And as far as I can tell, the concern was ultimately rejected, albeit without the requested explicit acknowledgment. Is it to be reconsidered?

I also think the current .foo is a problem.

Looking at the spec:

message = simple-message / complex-message
simple-message = [simple-start pattern]
simple-start = simple-start-char / text-escape / placeholder
simple-start-char = content-char / s / "@" / "|"
text-escape     = backslash ( backslash / "{" / "}" )
content-char      = %x00-08        ; omit HTAB (%x09) and LF (%x0A)
                  / %x0B-0C        ; omit CR (%x0D)
                  / %x0E-19        ; omit SP (%x20)
                  / %x21-2D        ; omit . (%x2E)
                  / %x2F-3F        ; omit @ (%x40)
                  / %x41-5B        ; omit \ (%x5C)
                  / %x5D-7A        ; omit { | } (%x7B-7D)
                  / %x7E-D7FF      ; omit surrogates
                  / %xE000-10FFFF

How can I say ".input is in important keyword in MF2", and render the .input?
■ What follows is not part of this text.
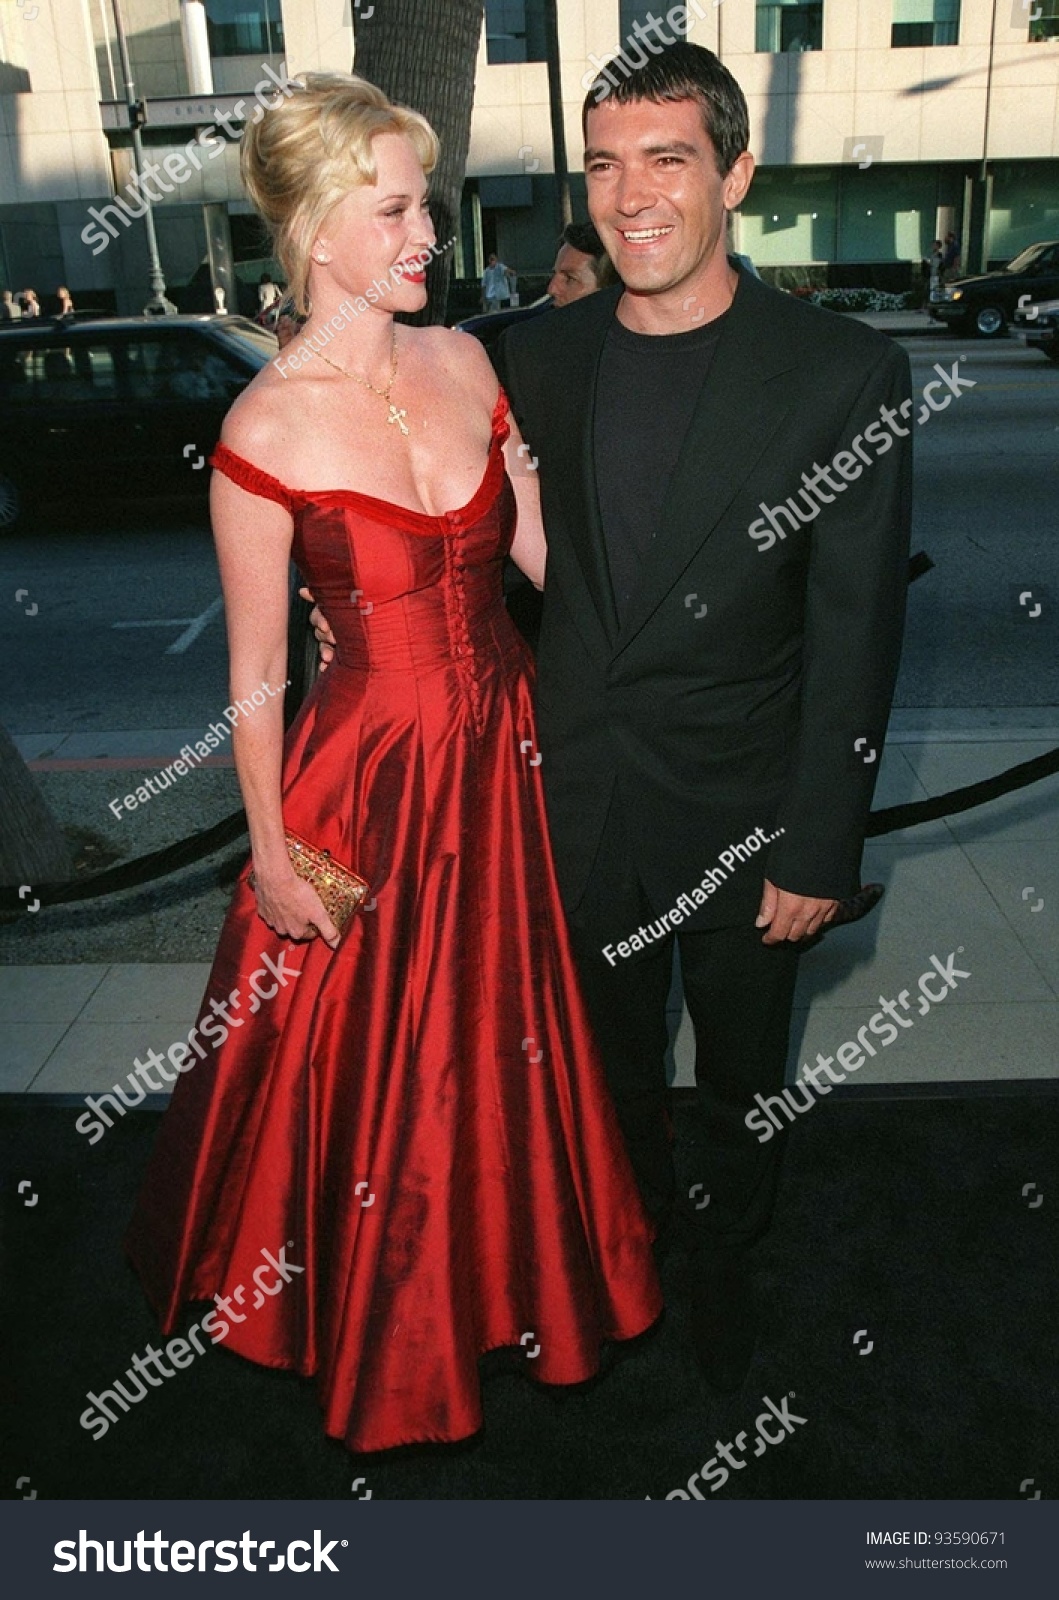 10jul98: Actor Antonio Banderas & Actress Wife Melanie Griffith At The World Premiere ...1059 x 1600

The current solution is to wrap the whole string in {{...}}
And that makes it a complex message.

At this point we can all say "I told you so!" :-)
But we will all use this problem as an argument for our own old proposal:
tinker with trimming spaces, start in code mode, special marker to enter code mode, etc.

But trying to look at this with fresh eyes, I think the way we enter "complex mode" is too ... complex :-)
Now a complex message starts with .foo OR {{. If not, it is a simple message.

I had a hard time to figure out from the ebnf if a message is complex or not.
Is ".foo bar" complex?
The ebnf fragment quoted above is not enough to determine that.
I also need to look at the definition of placeholder.
And after going through all of that, I decide it is not simple.

Compare for example with some initial marker for complex messages:

message = "{!}" complex-message / simple-message

I can almost instantly see if a message is complex or not.
Same as seeing #! at the beginning of a file I know it is some kind of script, and what kind of script.

Note: I'm not saying that's the way to go (initial marker).
Maybe it is, maybe not.

What I'm saying is that there are more options than trim leading spaces and quote.
"optional whitespace at the start of complex-message" only makes the detection of complex messages harder.
It is already hard.

We should consider amending the ABNF to allow whitespace before the . at the beginning of a complex message.

I agree it's a problem, I don't like jumping to this solution as the only one.

In the 2024-01-22 call we agreed to place this out of scope for LDML45 and to track this issue during tech preview. I'm using the label out-of-scope? for now to represent that choice.

Dropping the out-of-scope? label as that was about the LDML54 release.